Term: Fall 2015
Professor: Dr. Bernice Barnett, Email: bmbarnet@illinois.edu
Credit: 4 hours Graduate (crn#54748); 3 Hours Undergraduate (#64988)
Days/Time: Tuesday, 1-2:50pm
Course Description:
This combined Graduate and Advanced Undergraduate (Juniors, Seniors only) 400-level social foundations course is a sociological examination of diversity in racial-ethnic families, which are the foundations of education. Understanding how race, gender, class, ethnicity, disability, sexuality, language, immigrant status, and other stratifying relations in society influence diversity in families is important, especially for teacher preparation and educational policies because families generally are the first agents of education, learning, and socialization of children before they enter schools because family background is related to school achievement. In addition, relationships among students/parents/families in homes and teachers/administrators/staff in classrooms/schools/colleges/universities can impact educational achievement. Moreover, local state, regional, and global population demographic are changing racially/ethnically; therefore, families, educators, the public, and policymakers in schools, colleges, and major societal institutions need to be prepared for the racial-ethnic demographic shifts in the US. The primary objectives of this social foundational course are: (1) to introduce, survey, and evaluate major sociological theories, approaches, concepts, research, questions, debates, issues, and data on diversity in racial ethnic families; (2) to develop/strengthen research and analytical skills, especially by critically examining the reality vs. the images, ideals and myths about “typical” racial-ethnic minority and majority families and the social constructions of families as “deviate” vs ”normal;” (3) to foster an awareness and understanding of dimensions/patterns of diversity both across and within racial ethnic families in the U.S. and the basis of racial ethnic diversity globally; (4) to consider how families are interconnected to education, economy, politics, religion, and other social institutions; (5) to examine how families are agents of education and how children from diverse family backgrounds with varying home cultures, resources, compositions, and environments come of age, grow up, develop identities, experience schooling, achieve in education, react to racial-ethnic differences/similarities, and live/learn/work cooperatively and democratically in a multiracial U.S. and global society.
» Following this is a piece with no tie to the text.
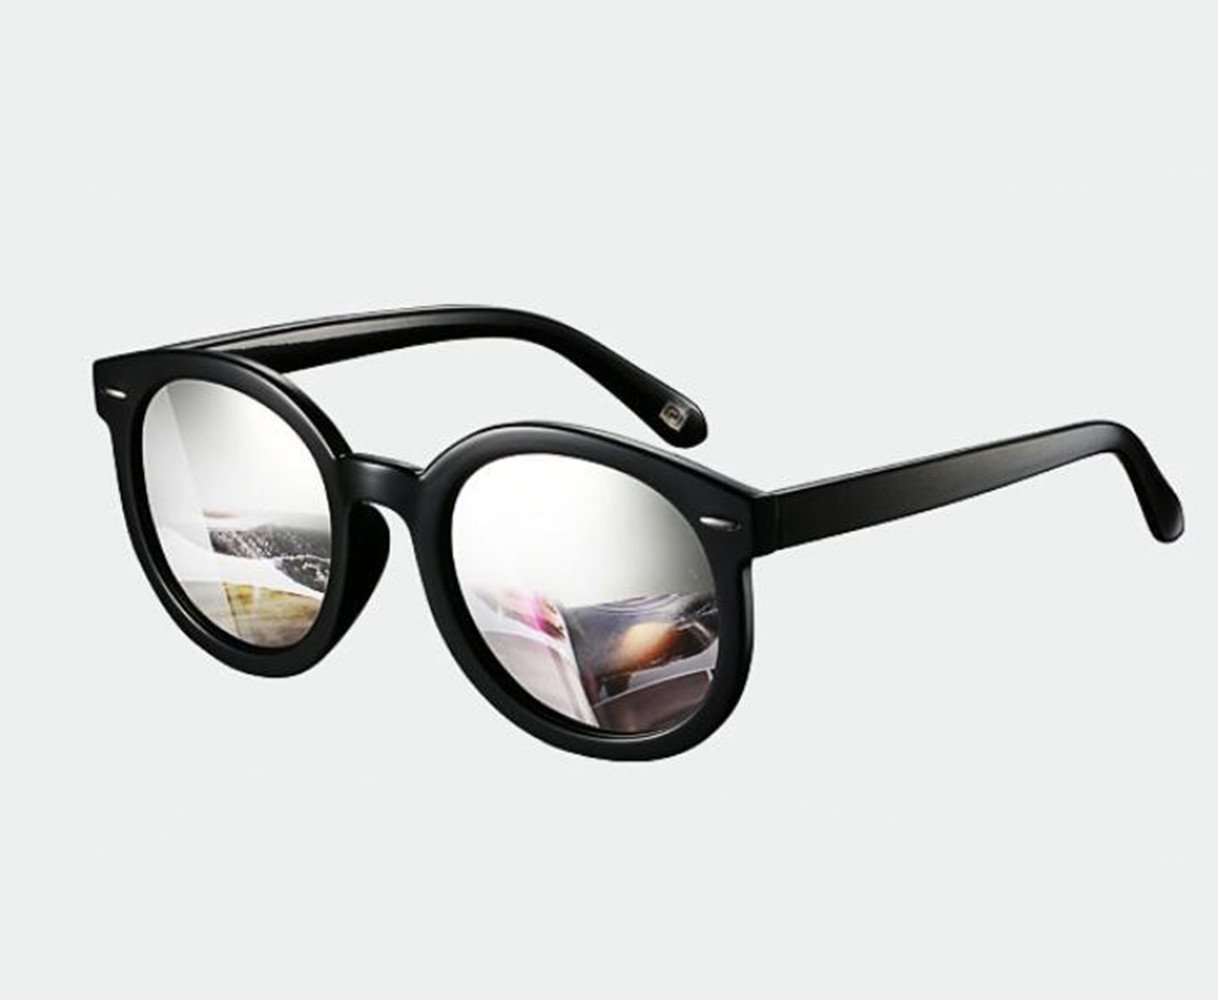 SHULING Sonnenbrille Kinder Sonnenbrillen Mode Polarisierte Sonnenbrillen

This course analyzes family diversity both among and within these U.S. racial ethnic groups: Black African American, Latino/a American, Asian & Pacific American, Native American as well as White European American and Socio-Religious Ethnic Groups (such as Catholic, Baptist, Mormon, Amish, Jewish, Muslim). To a lesser extent, we explore the nature and basis of racial ethnic diversity, inequality, and relations in families globally in periphery, semi-periphery, and core regions of the world-economy (such as China, Mexico, Nigeria, Japan, Ghana, Russia, Israel, Kenya, Australia, India, Pakistan, S. Africa, Germany, Iraq, Britain, Cuba, France, Haiti, Jamaica, Ireland). In learning about, analyzing, and discussing diversity in racial ethnic families, class participants will consider the strengths, resiliency, and contributions of diverse families and their societal, historical, contemporary, and future opportunities and challenges.
Course Readings:
Diversity in Families by Maxine Baca Zinn, et al and choice selections of coming of age in diverse families books, including: President Barack Obama's Dreams From my Father: A Story of Race and Inheritance; Frank McCourt's Angela's Ashes; Amy Tan's The Joy Luck Club; Sandra Cisneros's House on Mango Street, among others.